Alphonse SUEUR

(1870-?)
Photographe d'atelier
1 photographie

Saint-Dizier Haute-Marne Sainte-Ménehould Marne Troyes Aube

Alphonse Julien Sueur est né le 18 novembre 1870 à Tergnier (Aisne). Détruit, son acte de naissance n’a pas été reconstitué. En 1890, quand il passe devant le conseil de révision, il est photographe à Brest (Finistère). Fils unique d’une veuve, il ne fera qu’un service militaire de dix mois. Envoyé en congé en septembre 1892, il déménage souvent les deux années qui suivent : Nancy (Meurthe-et-Moselle), Remiremont (Vosges), Mourmelon-le-Grand (Marne) et enfin Bordeaux (Gironde).

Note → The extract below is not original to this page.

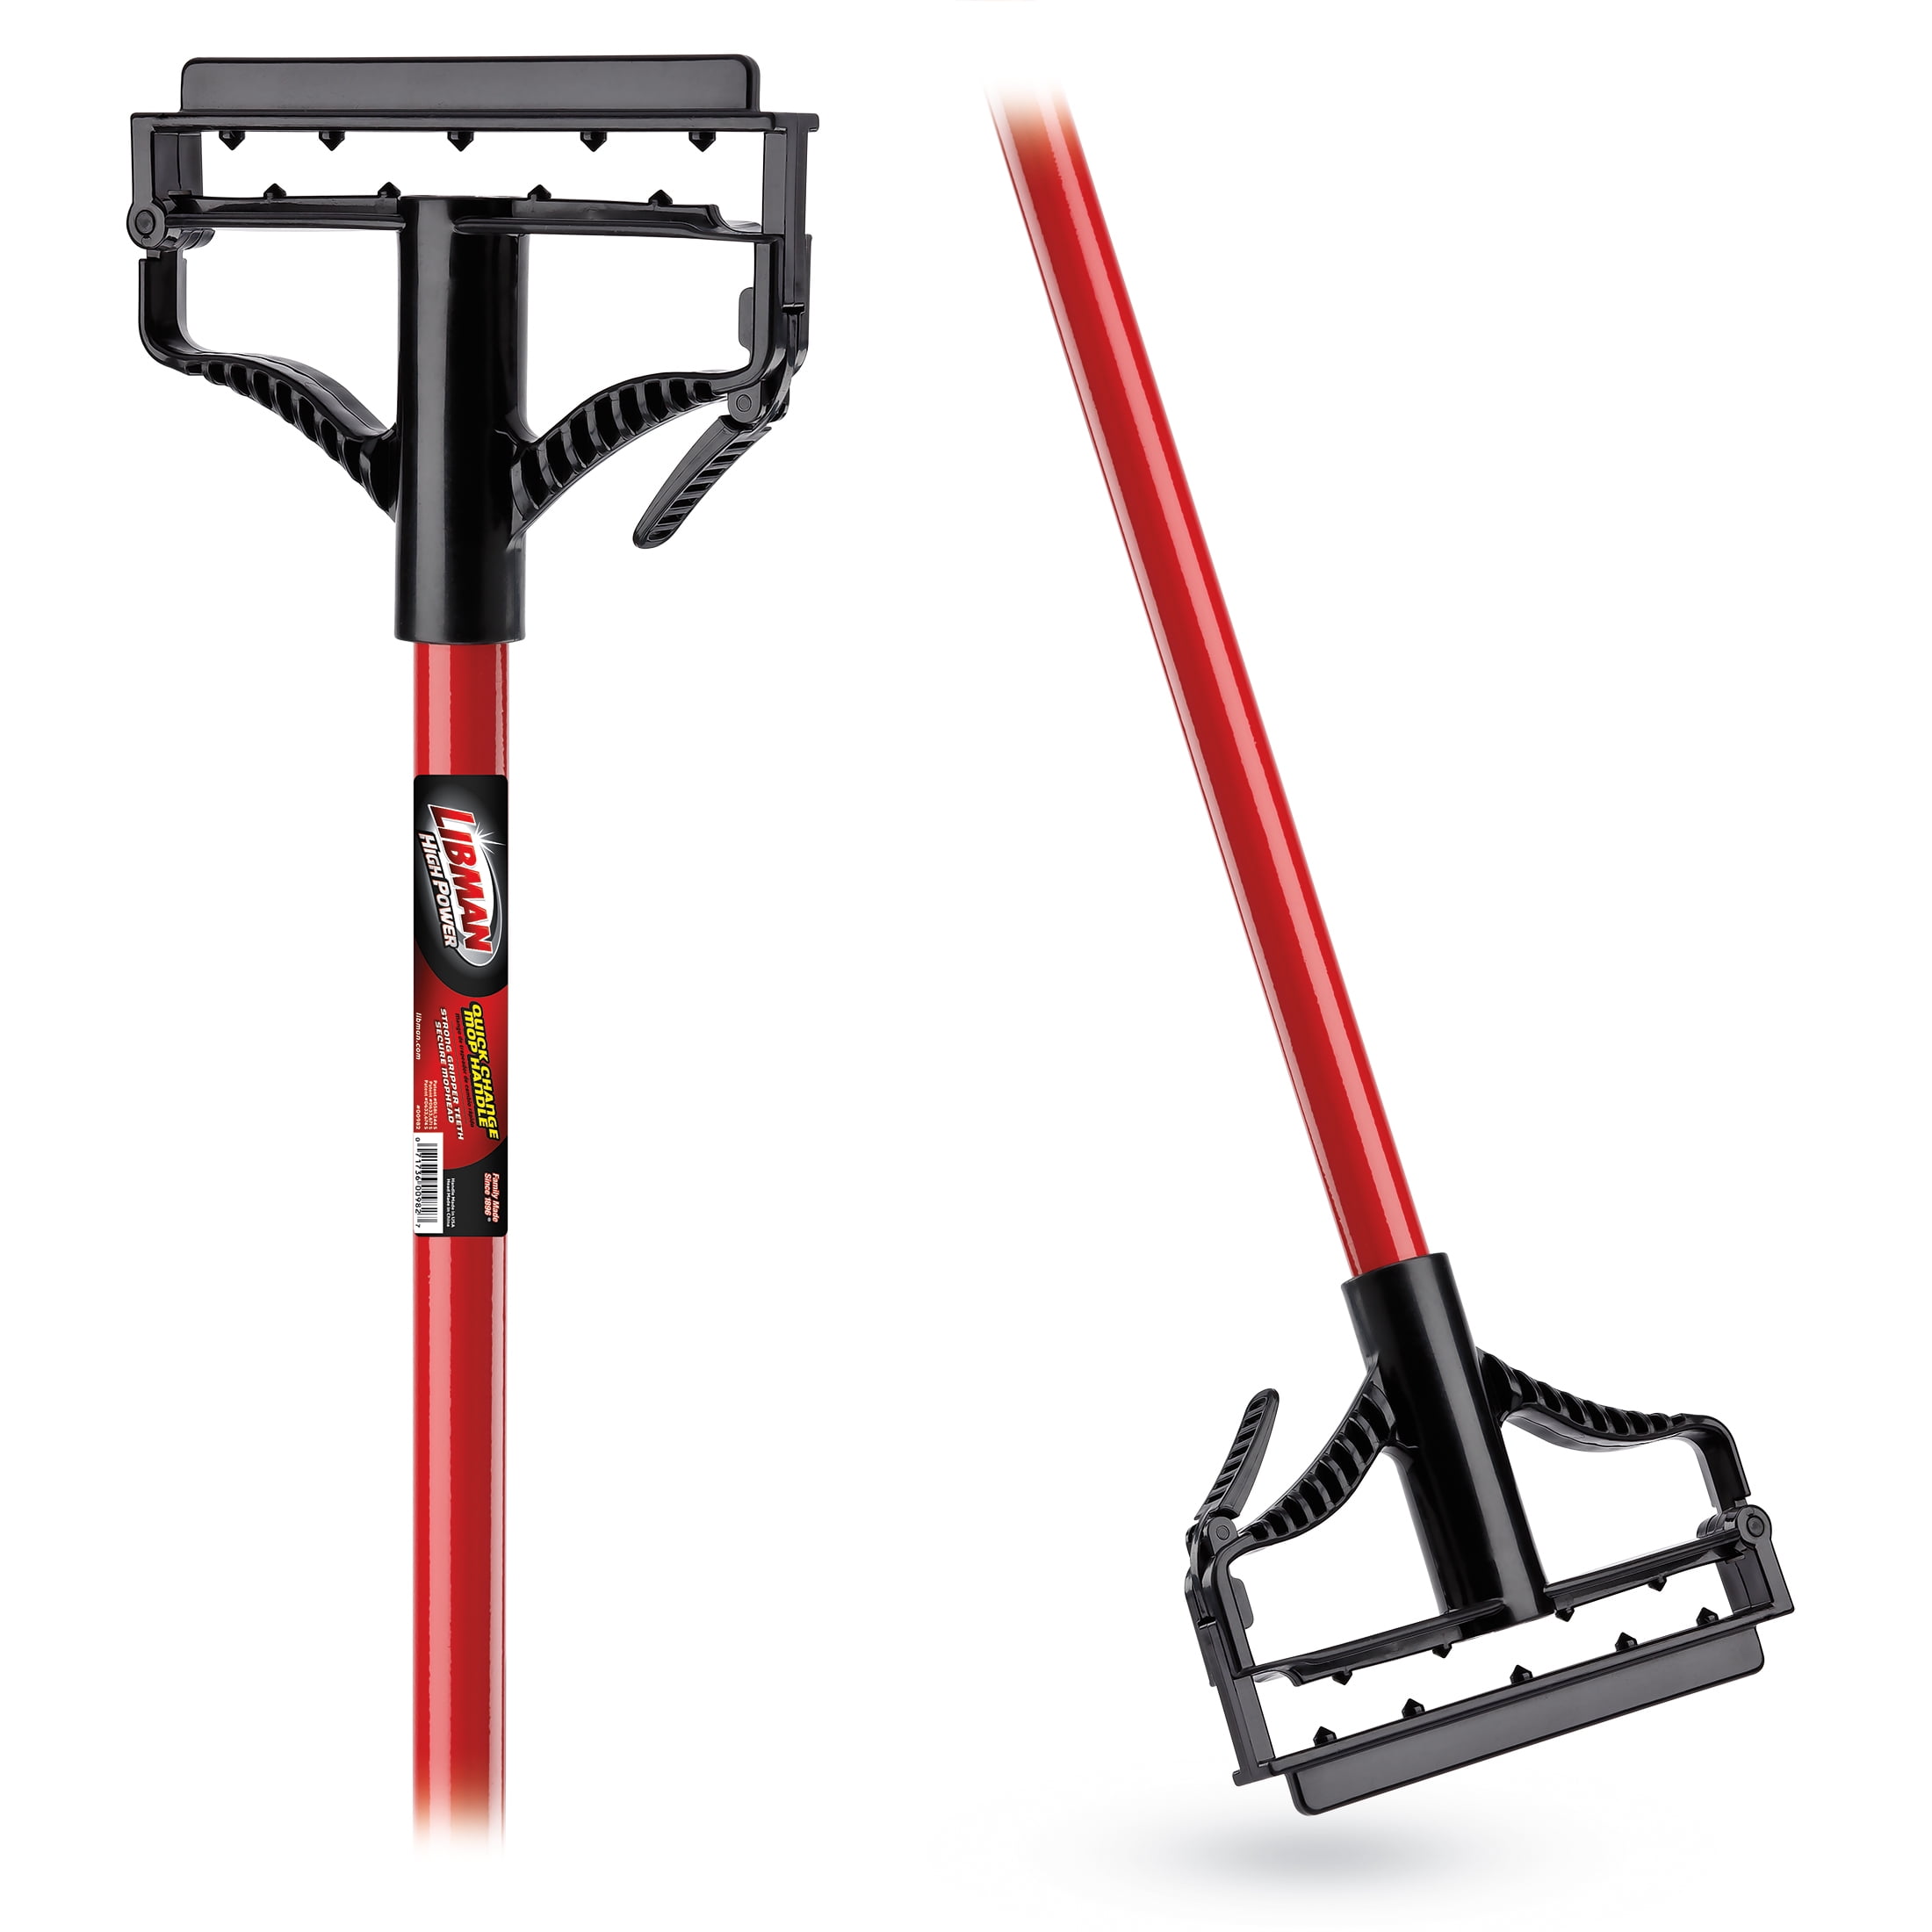 Get the newest Holcroft Long Handle Flat 2inch Red Brush 637 for less

TROYES : En mars 1895, il commence à travailler à son compte à Troyes  où il a rejoint sa mère. Dans la préfecture de l’Aube, Alphonse Sueur a été actif rue de la Visitation puis rue Turenne près de la caserne. Il cède son fonds de commerce en novembre 1899 (1) à Emile Boeglen. C’est lui qui est recensé  rue Turenne en 1901.

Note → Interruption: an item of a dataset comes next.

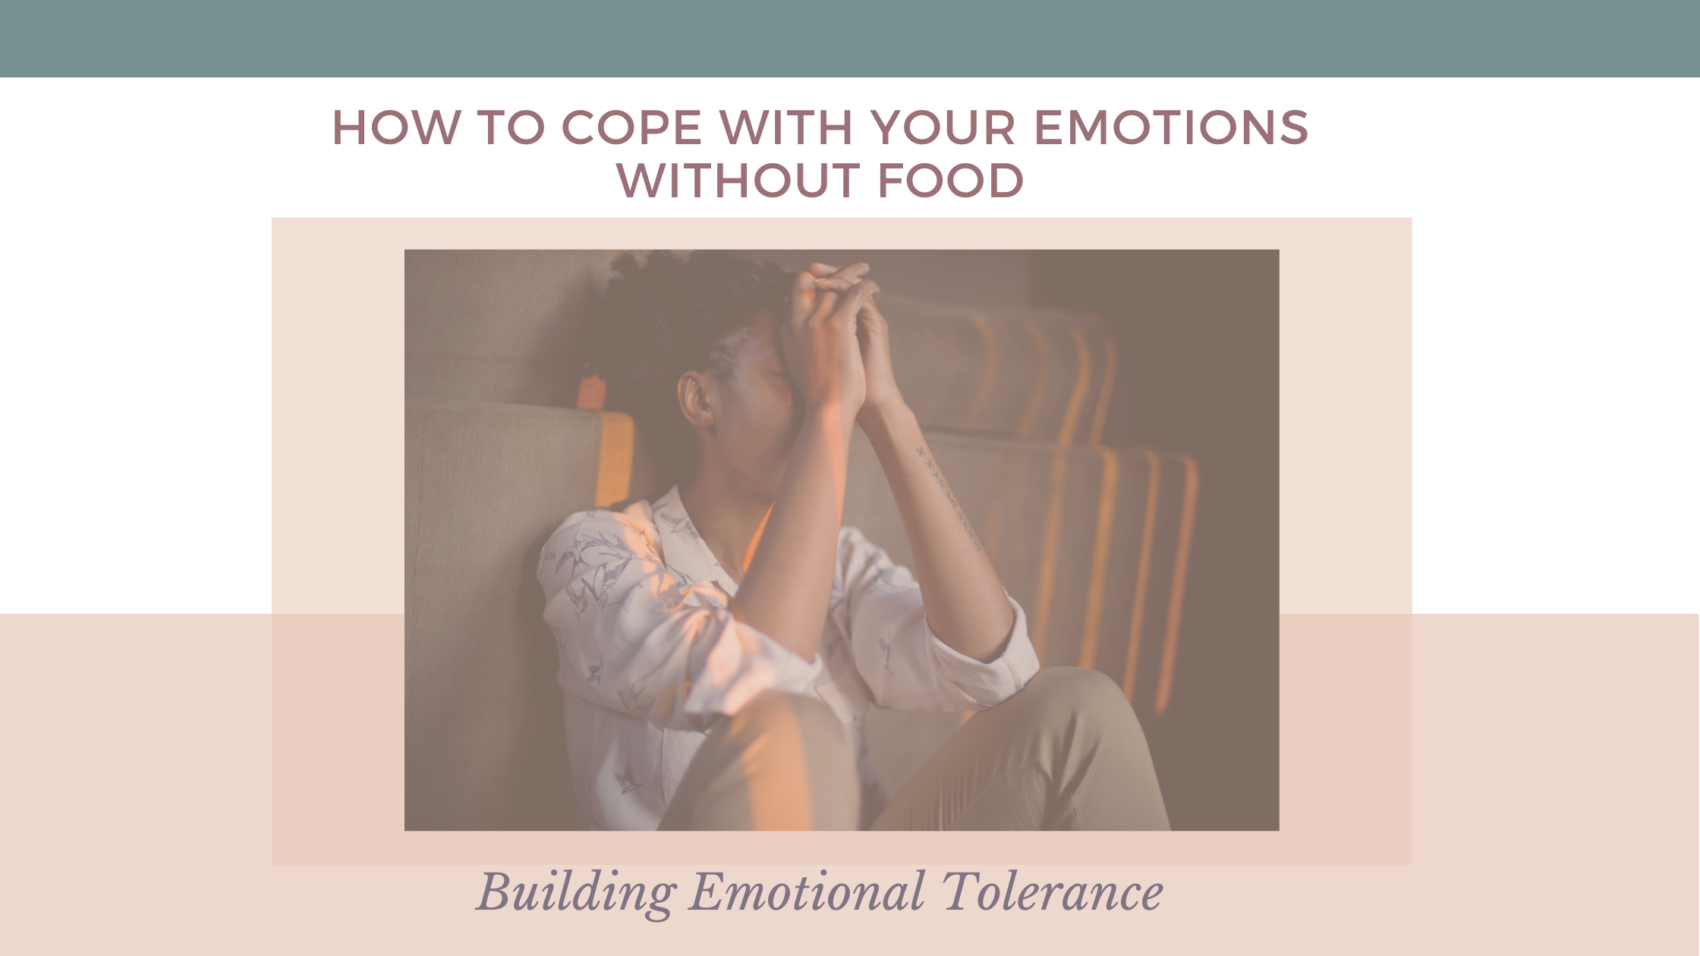 How to cope with emotions without food

SAINT-DIZIER : En 1901, Alphonse Sueur, photographe patron, est recensé 4, rue des Pressoirs à Saint-Dizier (Haute-Marne). Il n’est plus domicilié à cette adresse en 1906.

SAINTE-MENEHOULD : Il poursuit sa carrière à Sainte-Ménehould (Marne) où il est recensé 21 rue Gaillot-Aubert en 1911. Là, il succède au photographe Franz Oberlaender qui s’y était installé en 1905. Dans cette commune de 5 000 habitants, la clientèle d’Alphonse Sueur est composée, pour partie, de cavaliers du 6e régiment de cuirassiers qui est stationné dans la commune. En septembre 1914, pendant quelques jours, l’armée allemande occupe Sainte-Ménehould puis se retire lors de la bataille de la Marne. Alphonse Sueur et son épouse avaient ils quitté la ville ? Sont-ils revenus ensuite ? On ne sait. Rien n’atteste que le photographe ait repris son activité après l’Armistice.

 

Source :

(1) Gallica - "Archives commerciales de la France" du 25 novembre 1899.